At the time Nari had smiled too, as she let it sink in that what she had hoped was a growing connection between them was in fact exactly what they had promised each other from the beginning: a zero strings, maximum fun hook-up if ever they happened to be in the same time zone. In fact, the whole thing had been her idea, as she wasn’t interested in a long-distance relationship, or so she’d thought.

She was always on the move and she was still, at that point, writing her popular dating blog – the one she’d set up as a new graduate from uni trying to break into writing – and had yet to find her feet in the travel industry. For years she’d tried every dating service available and written her tongue-in-cheek dating diary with exaggeratedly comic examples of her own dating disasters, persevering only in the half-hope of meeting any real potential boyfriend who might signal an end to her increasingly lucrative single-girl blogger persona.

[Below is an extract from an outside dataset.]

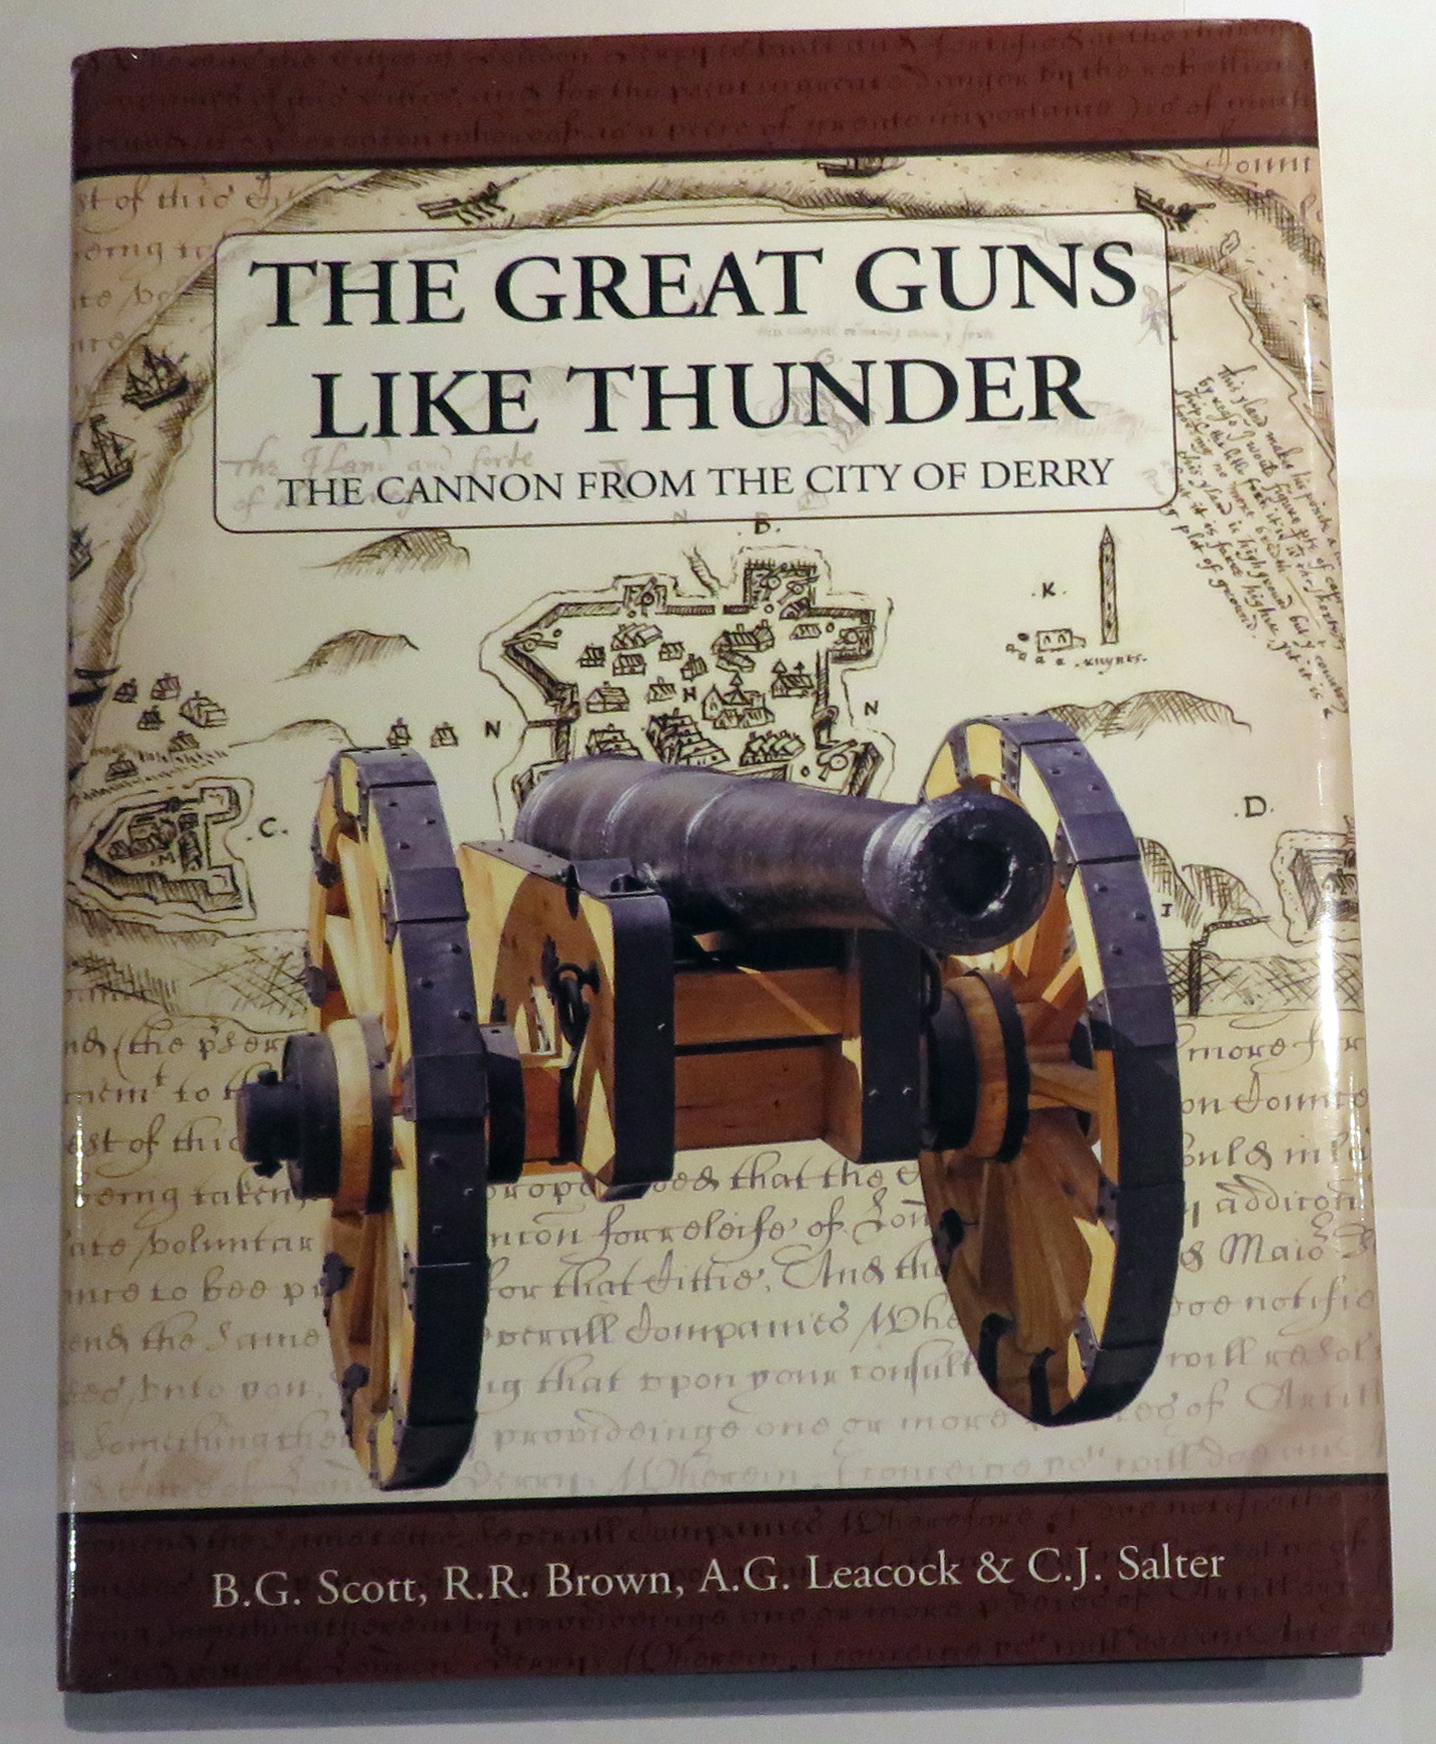 The Great Guns Like Thunder. The Canon From The City of Derry
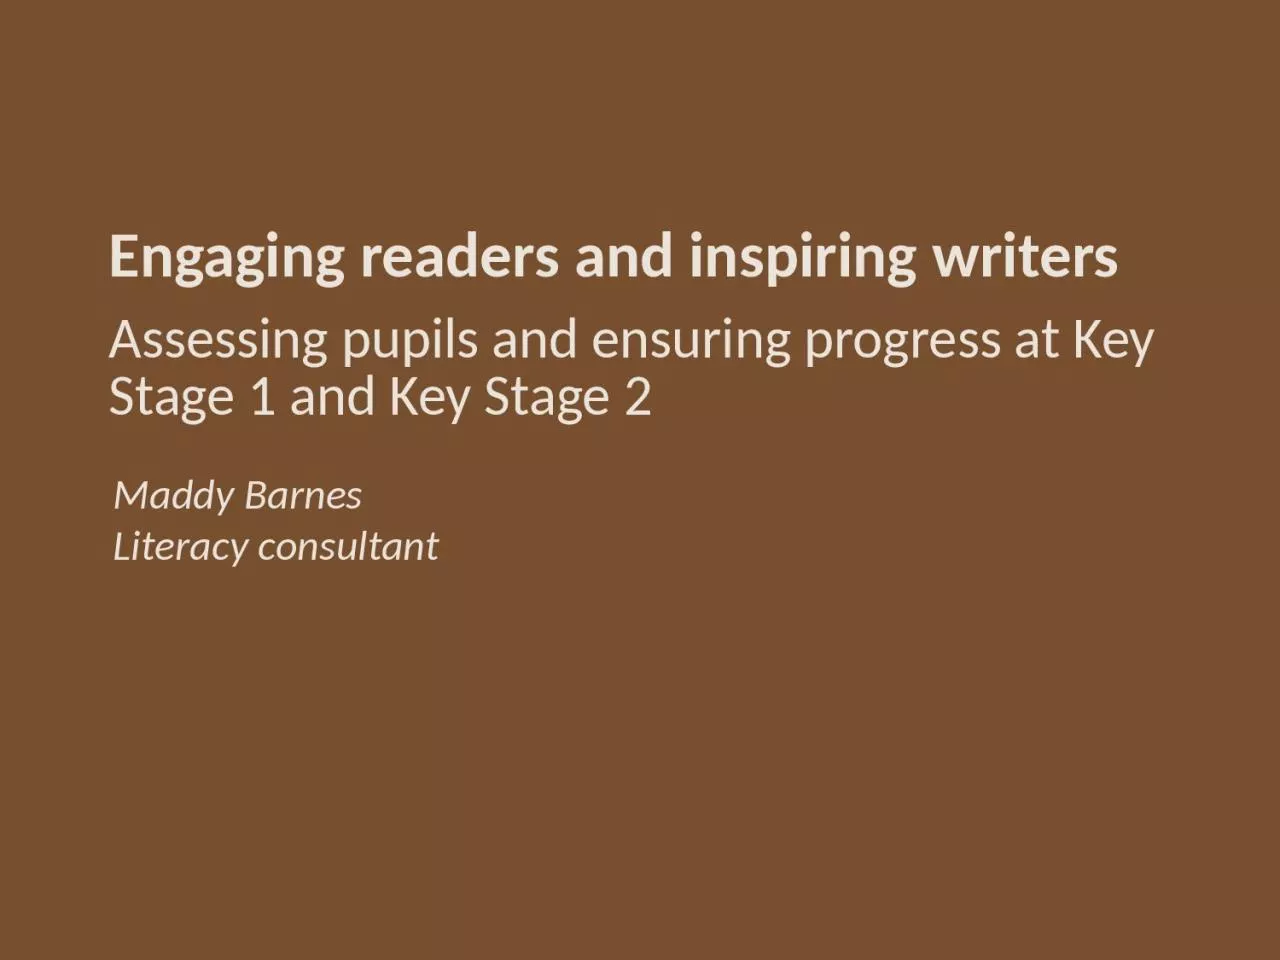 Engaging readers and inspiring writers

But, three months after meeting Stephen in a designer clothes store in the Gangnam district, she’d stopped blogging about her dating escapades and fully devoted herself to cultivating her travel blog.

She never told Stephen she’d started to have feelings for him, so, according to Nari, it was easier to stifle her affections, until there was nothing left. And she often tells me she’s glad to be part of their informal, glamorous, jet-setting arrangement.

Of course, she’d left that industry bash without joining Stephen and his VIP friends at the club – Nari’s nothing if not dignified under pressure – and she hadn’t called him, waiting for the inevitable message after an interval of a month or two letting her know there was a jet at her disposal ready to whisk her off to meet him in Malibu or Miami, or wherever she wanted to go.

And so now I only hear about the fun they have on the few occasions each year when they meet up, and I have to admit that Stephen genuinely does sound charming, considerate and romantic – sweetly shy even, which rather goes against my image of billionaire travel execs, but there you go, people are surprising, aren’t they?